## DATA SEGMENT
================

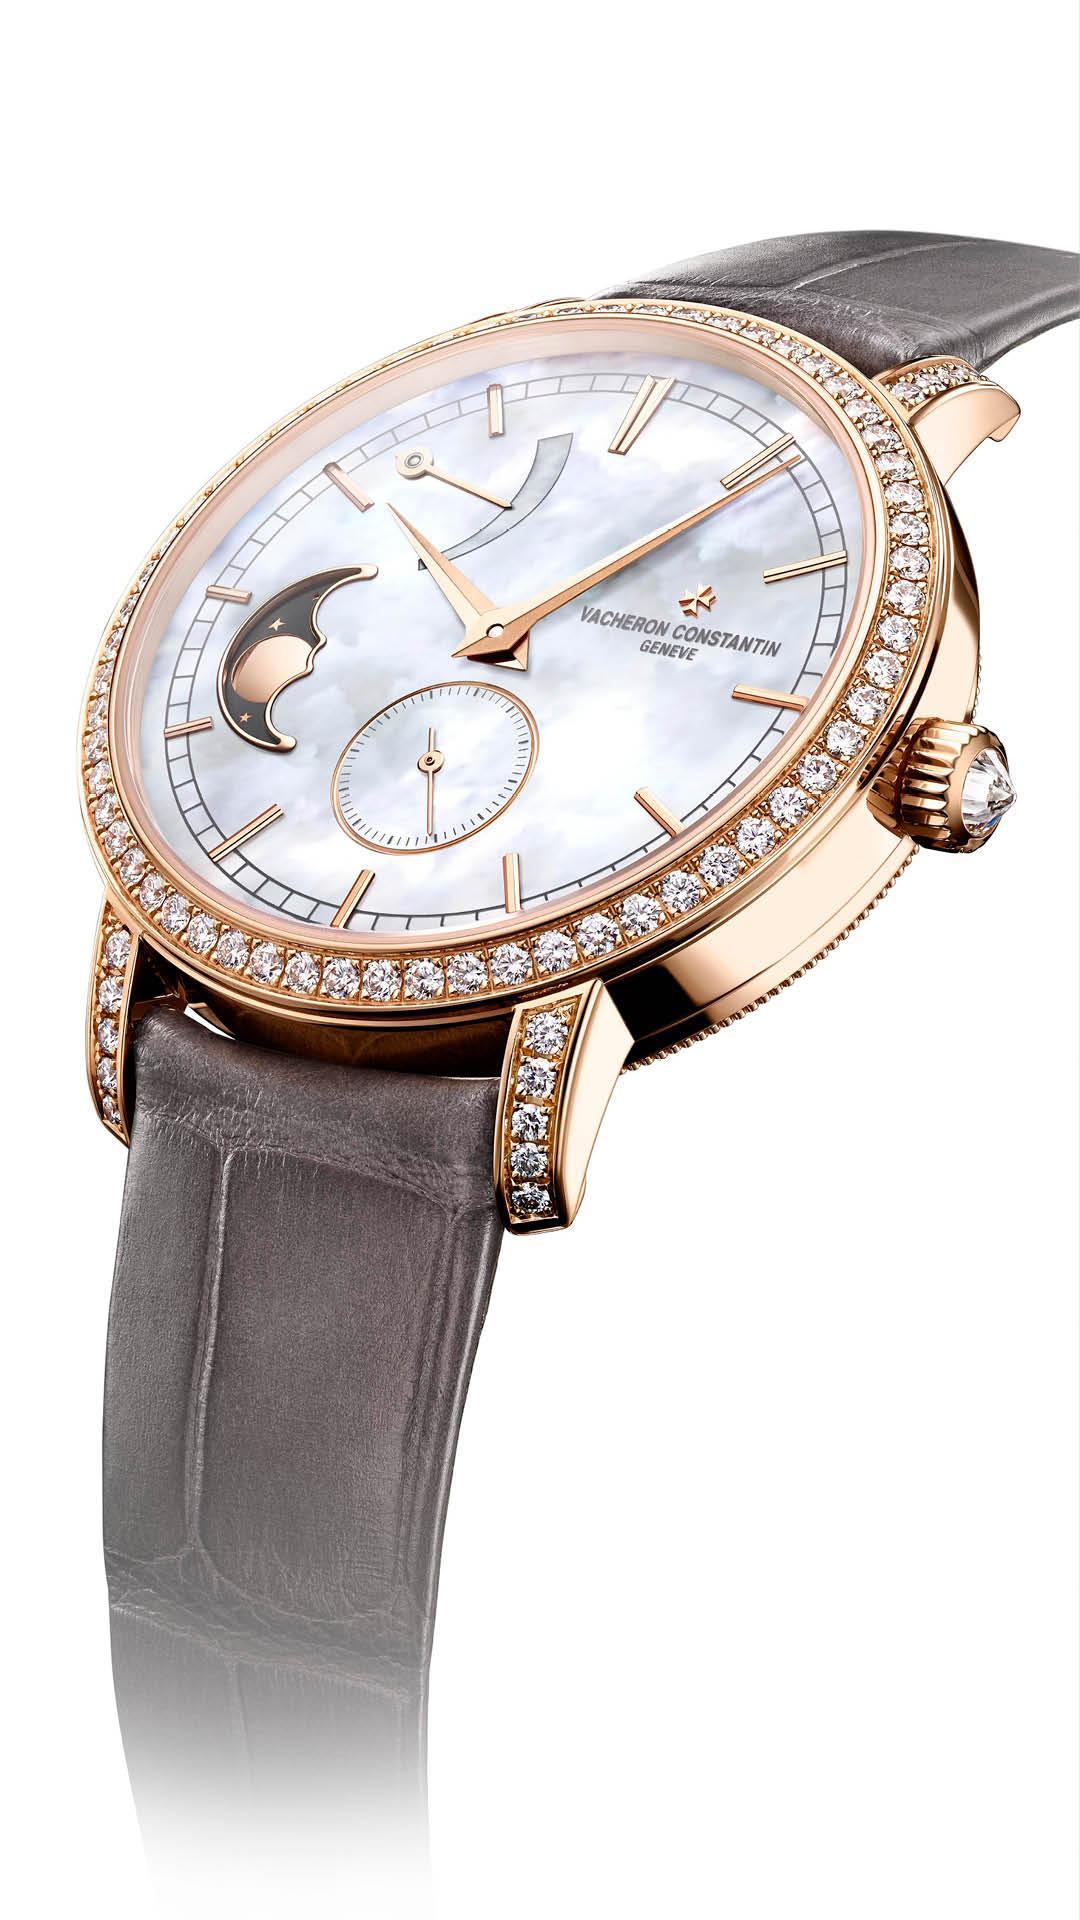 Vacheron Constantin Traditionelle Moon Phase Timepiece
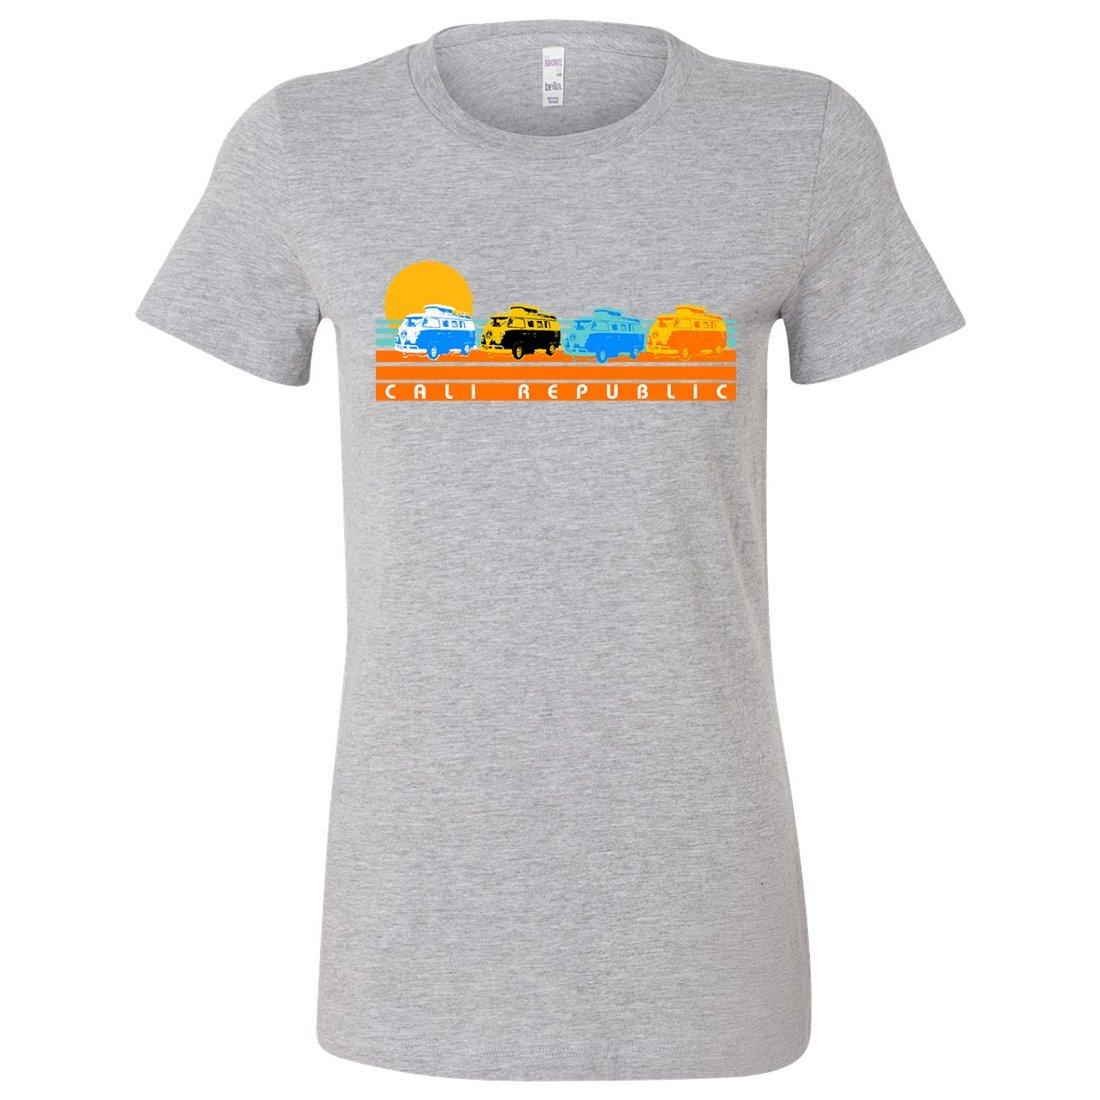 Cali Republic Vintage Van Sunset Lightweight Ted T-shirt
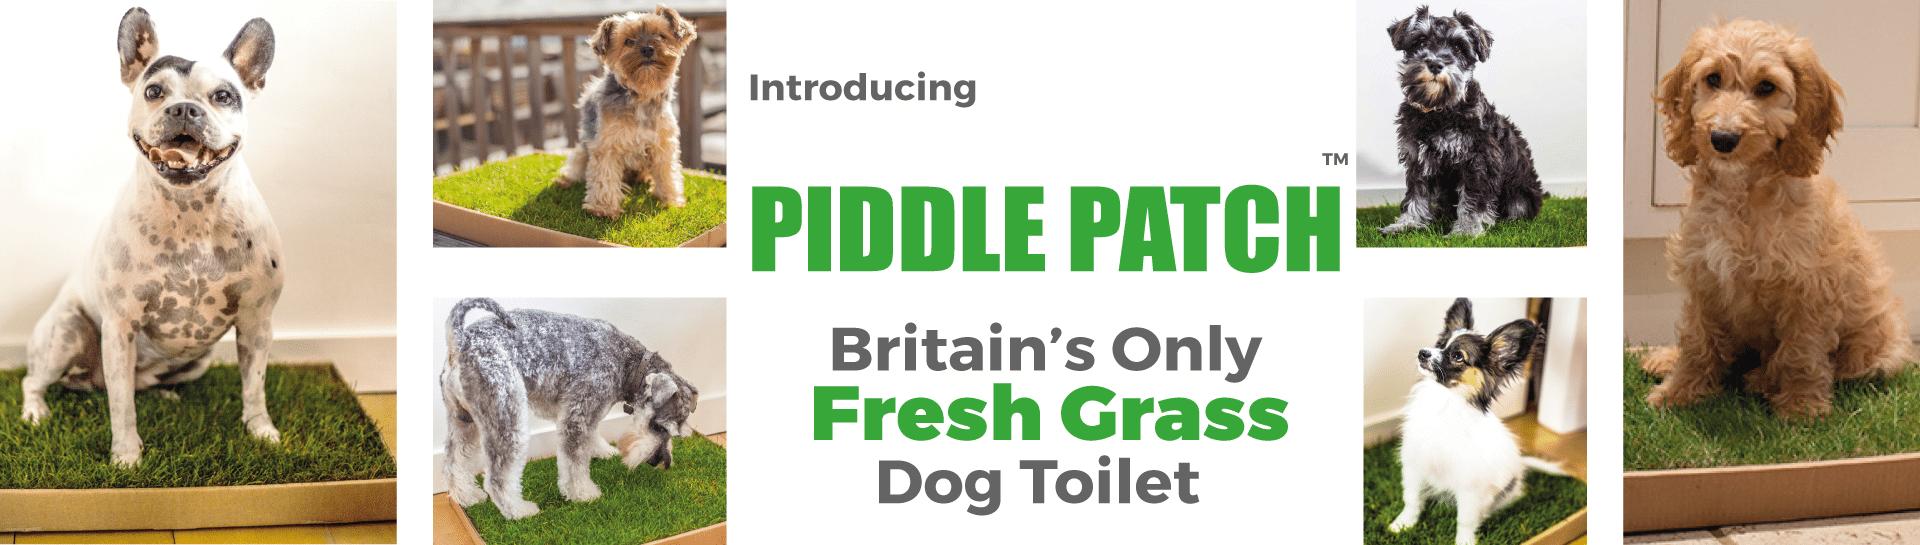 Britain's only fresh grass dog litter
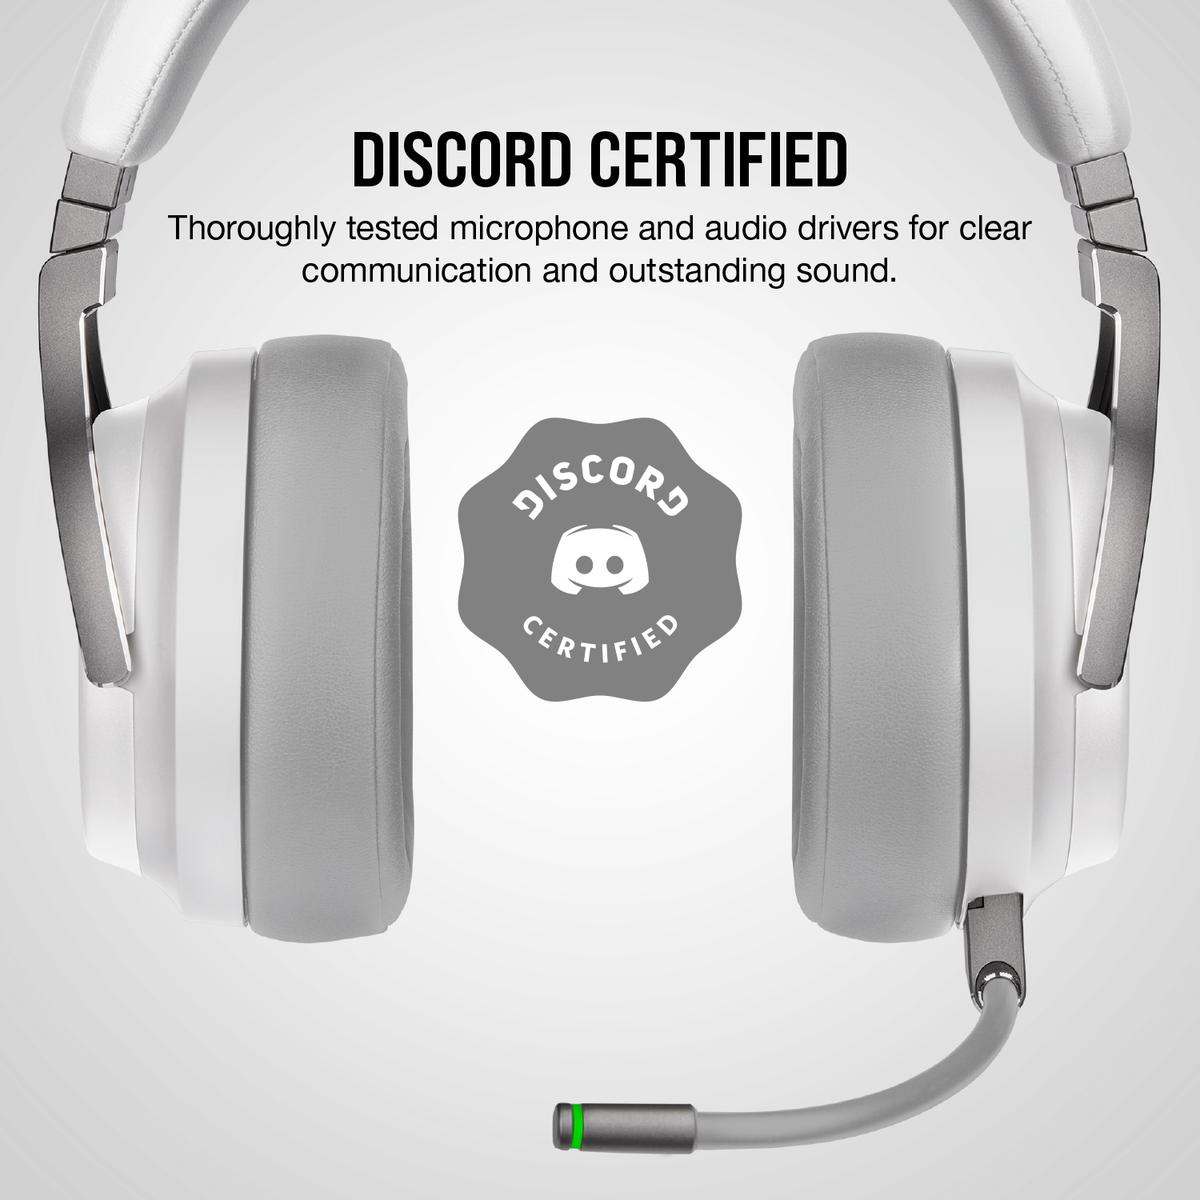 Corsair Virtuoso RGB Wireless Gaming Headset สีขาว ของแท้ ประกันศูนย์ 2ปี (White)

================

## WORK ORDER
Return the listing unchanged except for the pictures, which should be dropped.

## ANSWER BOX
 Vacheron Constantin Traditionelle Moon Phase Timepiece
 Cali Republic Vintage Van Sunset Lightweight Ted T-shirt
 Britain's only fresh grass dog litter
 Corsair Virtuoso RGB Wireless Gaming Headset สีขาว ของแท้ ประกันศูนย์ 2ปี (White)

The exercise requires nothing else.